È un vantaggio molto più grande di quanto possa sembrare all’inizio, tanto che tutti i giocatori vincono la maggior parte dei soldi dal bottone, l’ultima posizione a parlare post-flop, e sempre meno man mano che si avvicinano ai blinds. 

Quindi, dalle ultime posizioni sarà lecito giocare con un numero di mani più elevato (ricordate quel 20-25%? Dal bottone può arrivare anche a 40%) mentre da primi a parlare sarà meglio stringere la corda.

 

Non tiltare, comprendi la varianza

La casualità intrinseca nel gioco non si può annullare, e ogni tanto perderemo. Anche mani che avremmo dovuto vincere, anche più mani consecutive, anche per molto tempo. 

Questo può alterare le nostre emozioni e portarci a giocare in modi peggiori (tilt), per esempio cercando disperatamente di recuperare le perdite, o viceversa giocando in modo troppo cauto perché temiamo di perdere ancora. 

Bisognerà lavorare sempre sulla gestione delle emozioni e sul distacco dal denaro. Lo continuano a fare anche grandi campioni affermati.

È bene familiarizzare con il concetto di varianza e interiorizzarlo il più possibile. In poche parole, avere delle serie di vittorie e di sconfitte è normale e fa parte del gioco. Nel lungo termine, chi gioca bene affronterà tanti alti e bassi ma ne uscirà vincente. 

Questo, però, solo se non si abbatte nei momenti di “down”, che rischiano di farlo giocare peggio e vincere di meno.

 

Continua a studiare!

“Non si finisce mai di imparare” è un detto che mai fu più vero nel poker. 

Dalla strategia di base ai calcoli più avanzati, dal mindset alla revisione delle mani giocate, il poker sarà sempre una lunga camminata dove avremo sempre un modo di migliorare ancora un po’. 

E questo è fondamentale per essere giocatori vincenti: restare aggiornati, continuare a studiare ed esplorare modi per essere più bravi del giorno precedente.

Esistono coach qualificati per questo, software di studio, libri-video-articoli di strategia online, e il confronto con altri giocatori è uno degli aspetti più importanti. 

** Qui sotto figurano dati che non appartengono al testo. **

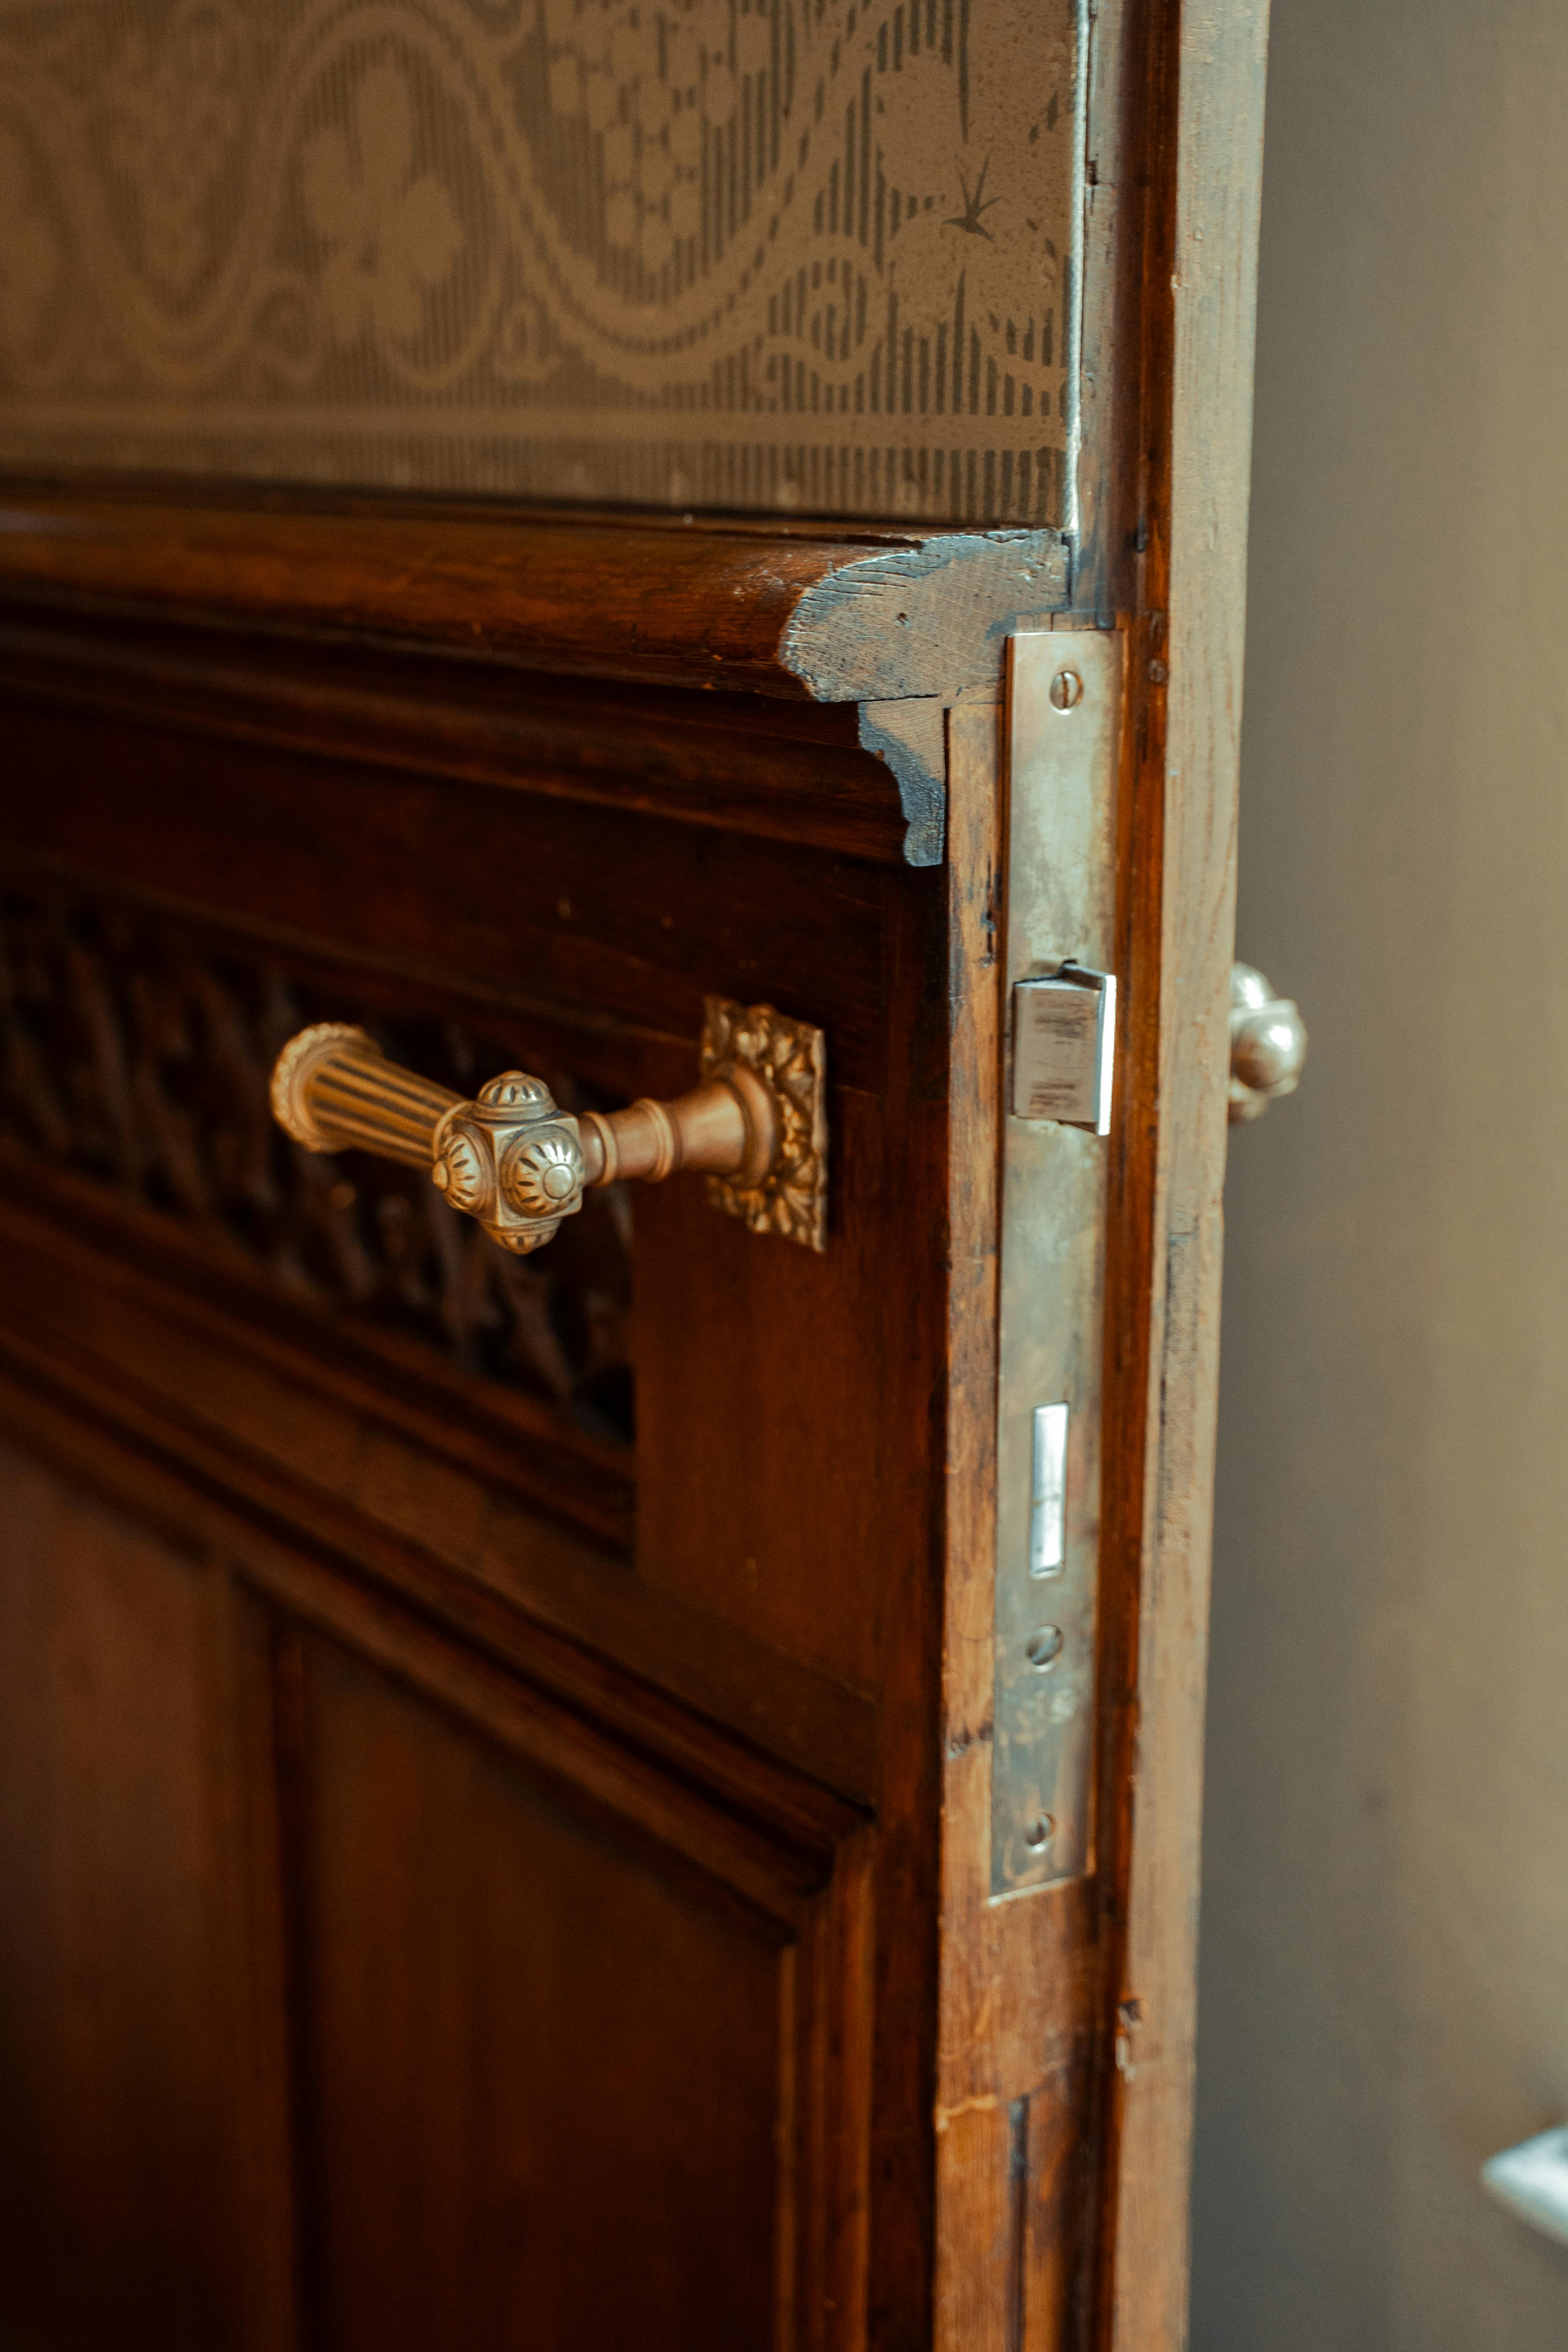 A brass door handle | Source: Pexels

Assicurati di dedicare molto tempo allo studio. Addirittura, consigliano alcuni, i principianti dovrebbero passare più tempo a studiare che a giocare. Poi migliorando si può spostare questo equilibrio man mano verso il gioco. Ma non dimenticare mai di migliorare!  

Speriamo che questo articolo ti abbia dato le basi per iniziare il tuo percorso nel modo migliore. Buon gioco!